(Task instructions):
Every line below is to be set down again exactly; any image stays out.

(Dataset excerpt):
· · · ·
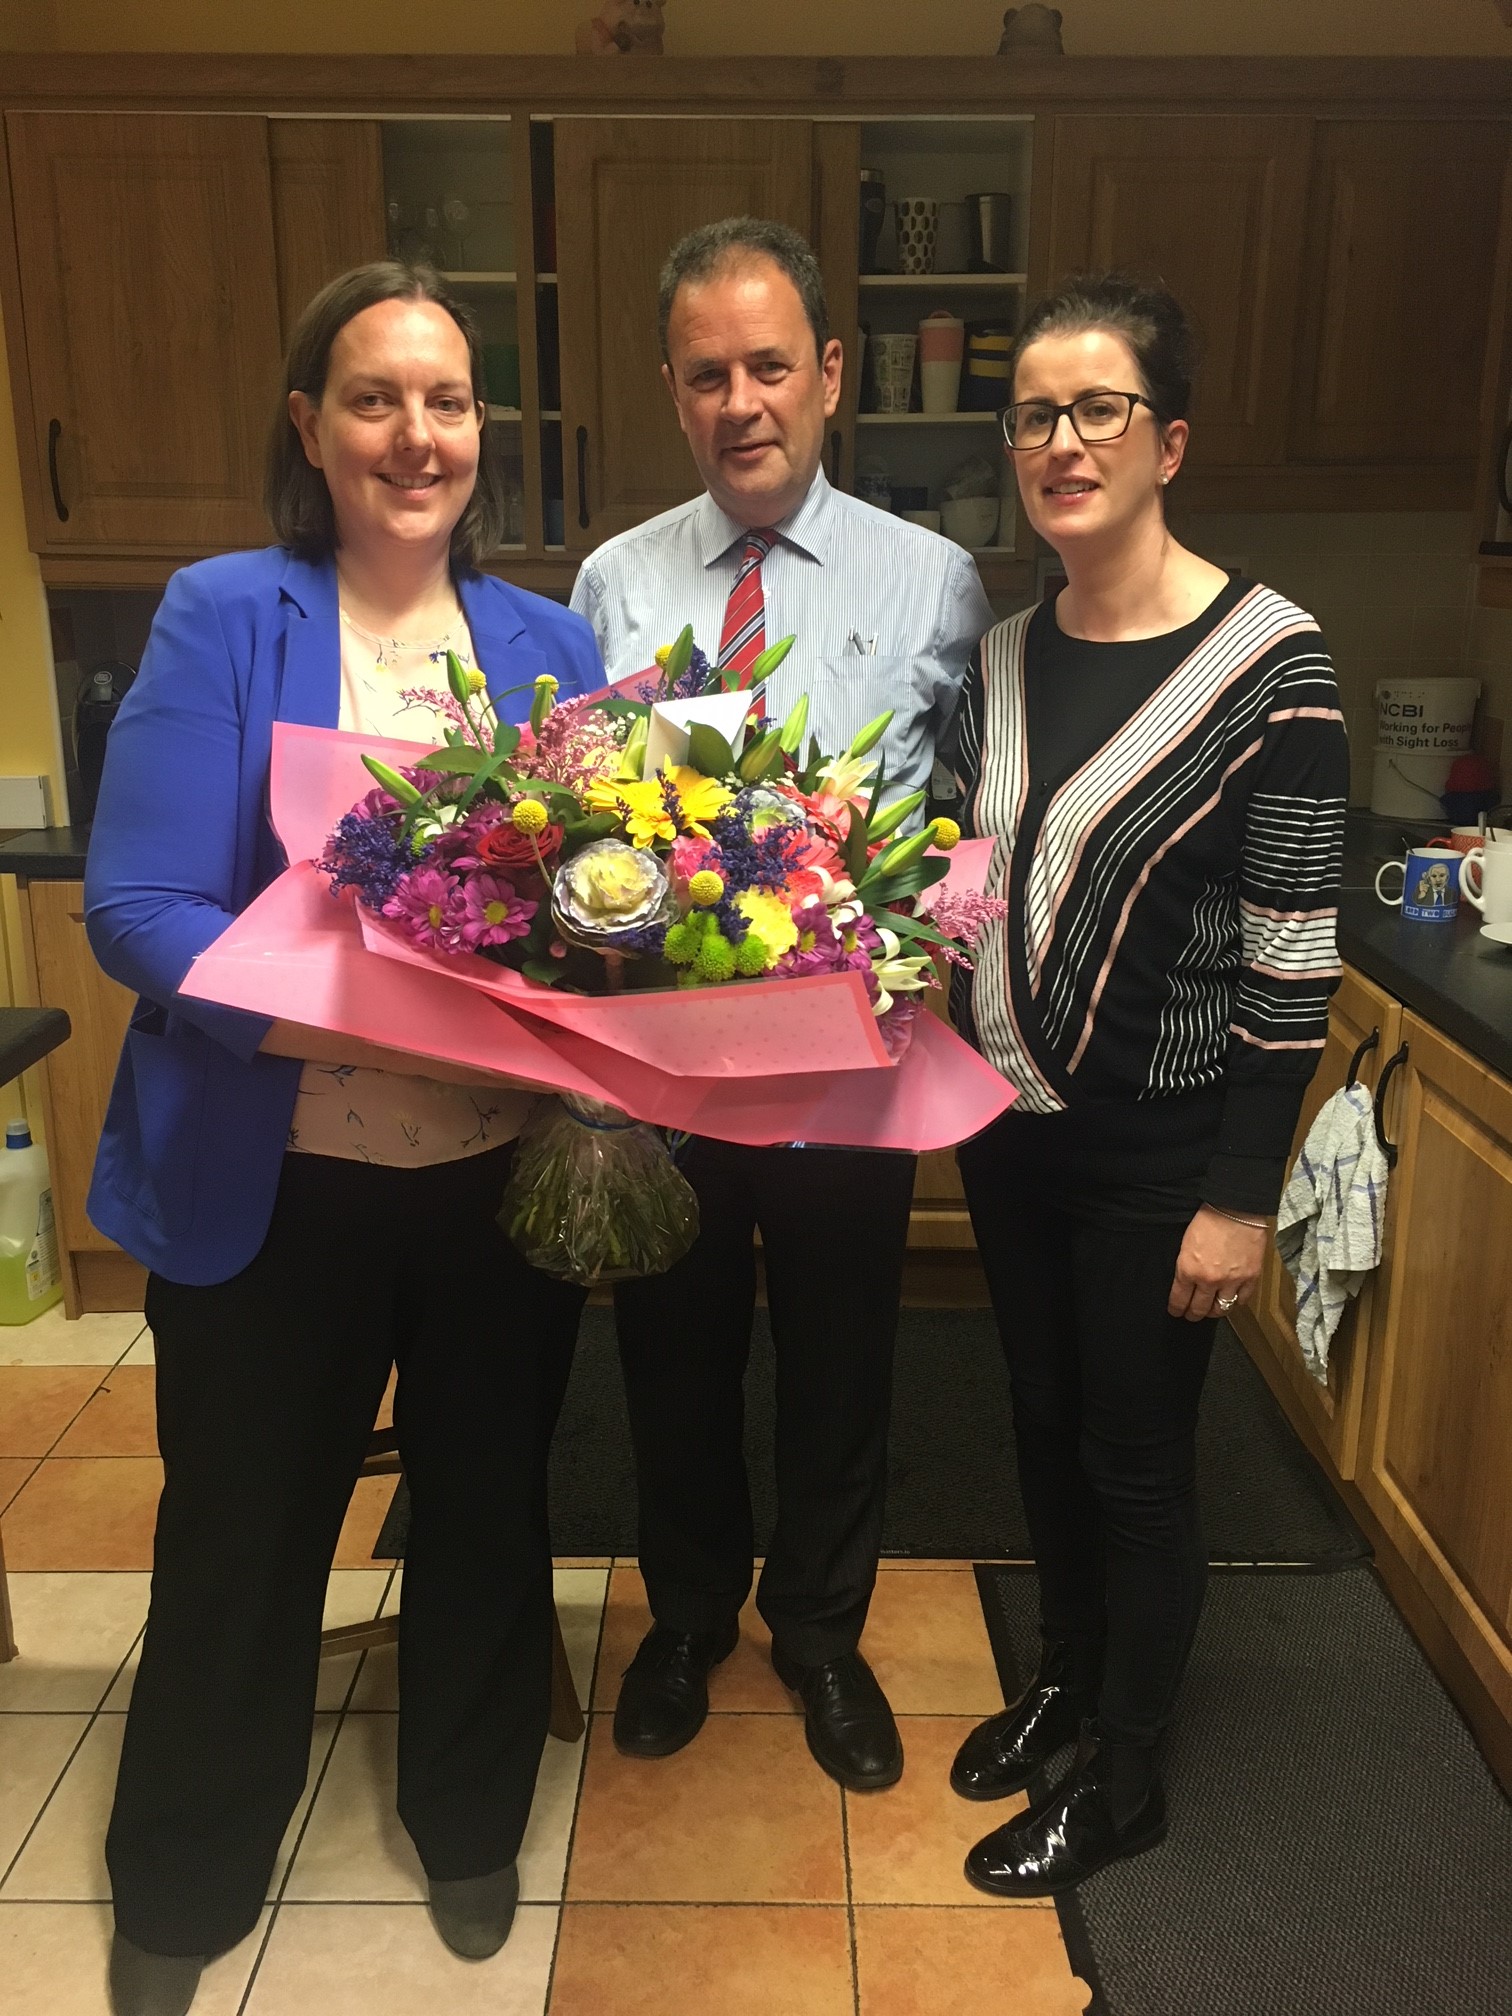 Image of Fionnuala, Ruairi and Niamh Connolly with flowers
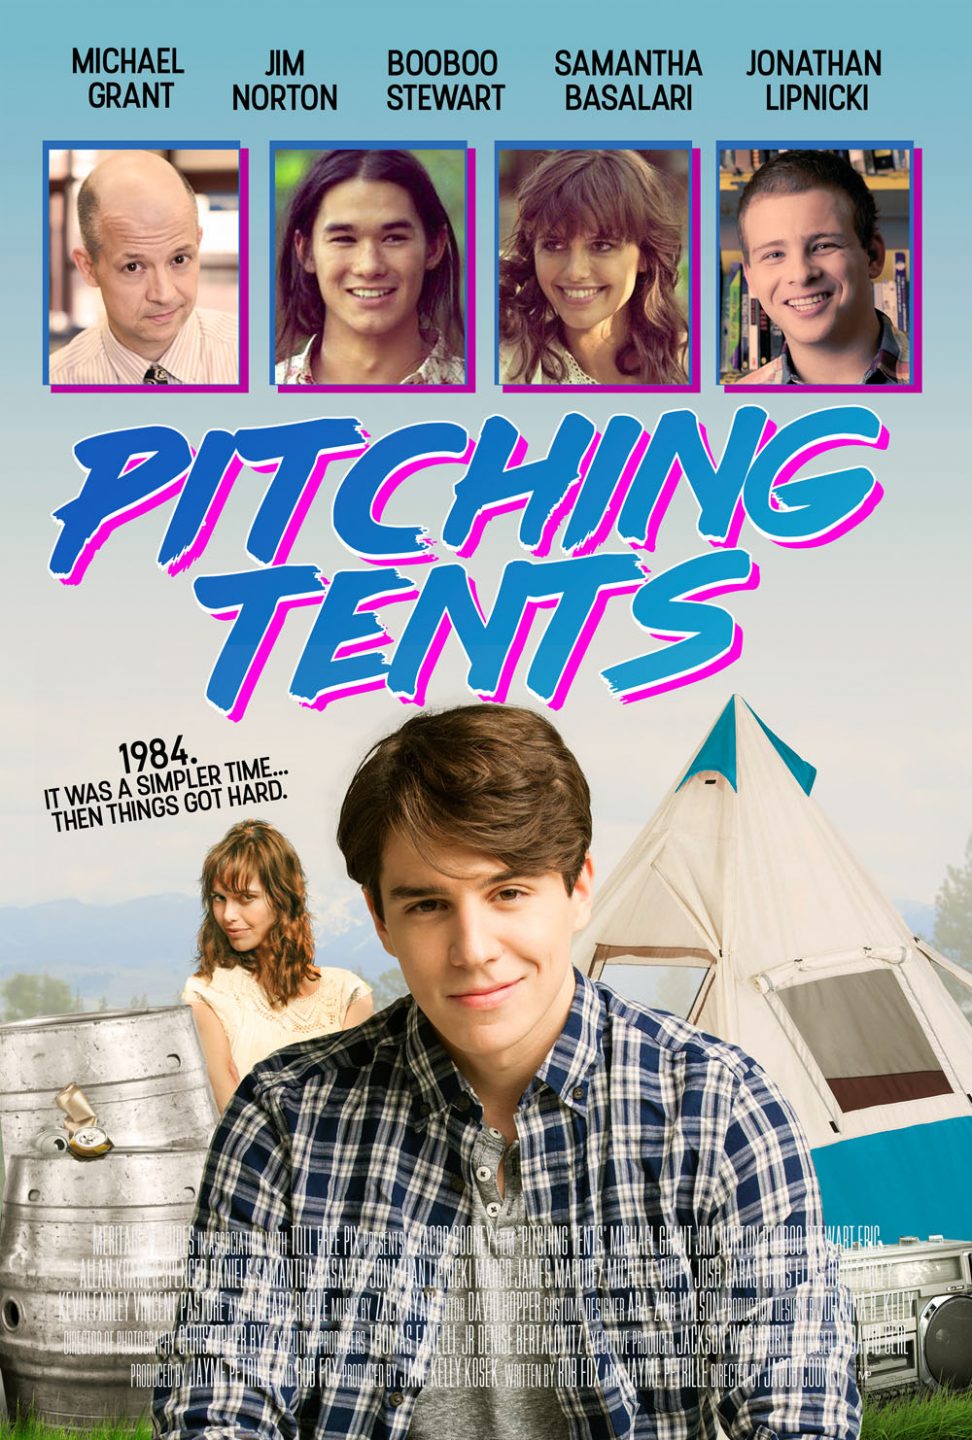 Pitching Tents poster (Meritage Pictures)
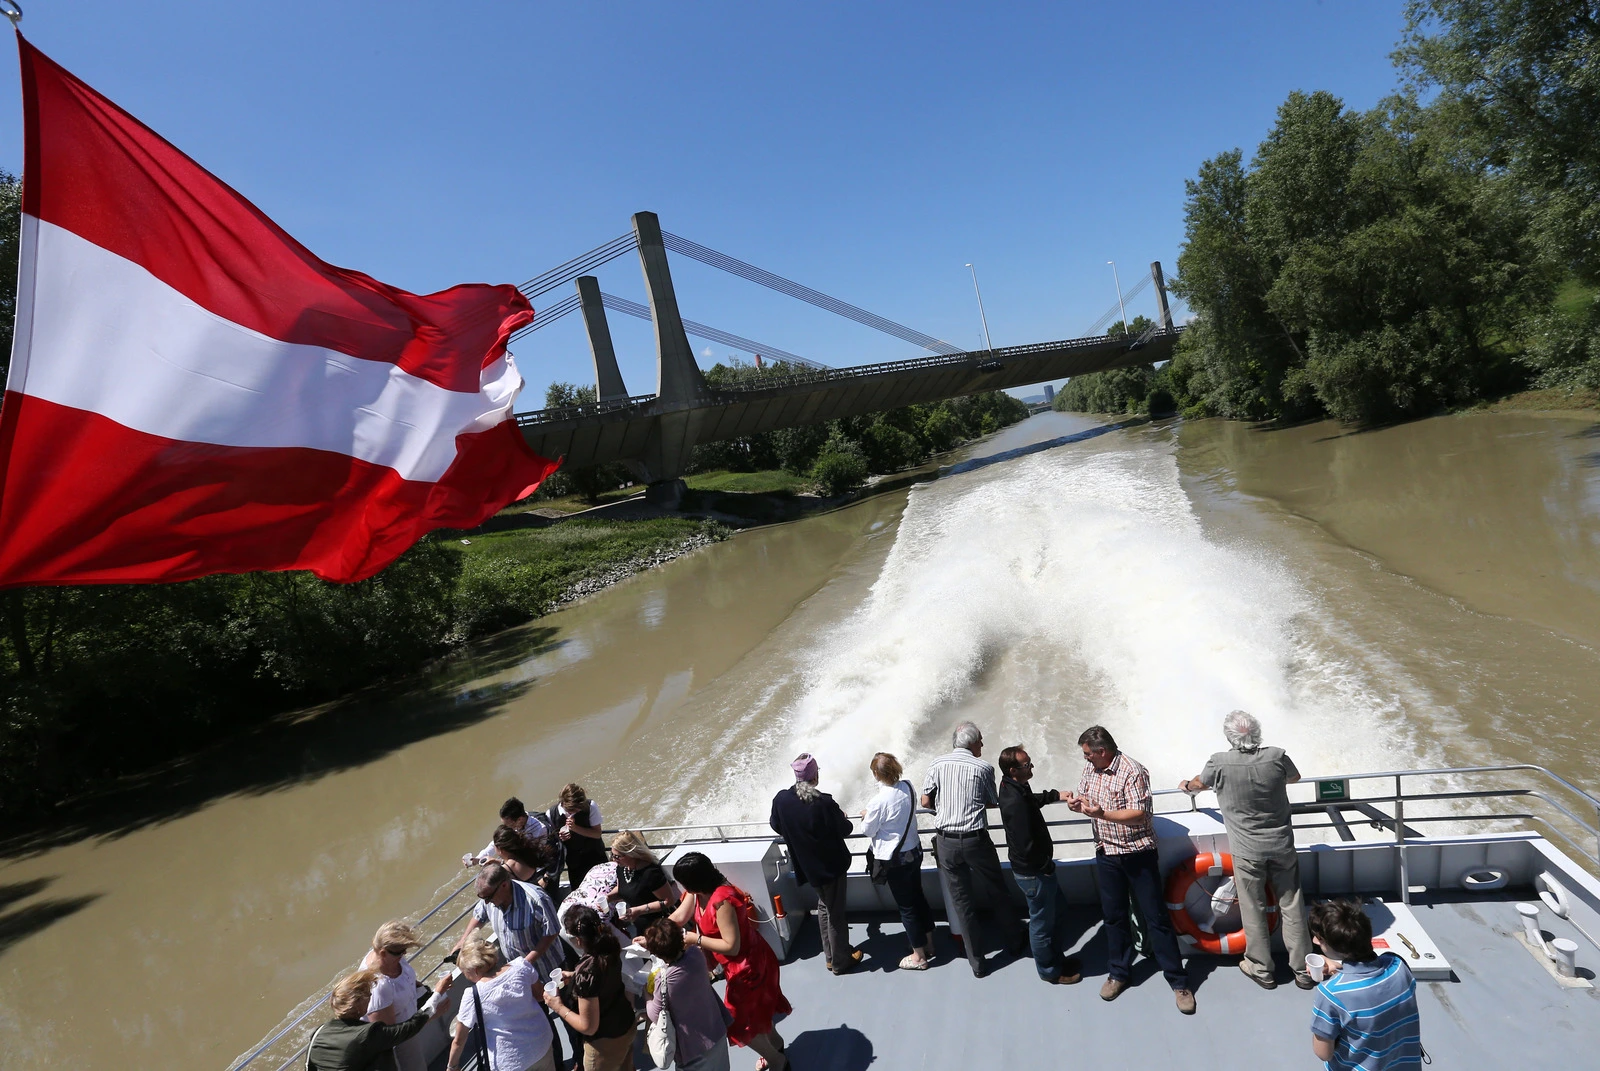 Bulgarian cruise ship crashes into wall on Danube in Austria, injuring 11
· · · ·
(Exercise response):
 Image of Fionnuala, Ruairi and Niamh Connolly with flowers
 Pitching Tents poster (Meritage Pictures)
 Bulgarian cruise ship crashes into wall on Danube in Austria, injuring 11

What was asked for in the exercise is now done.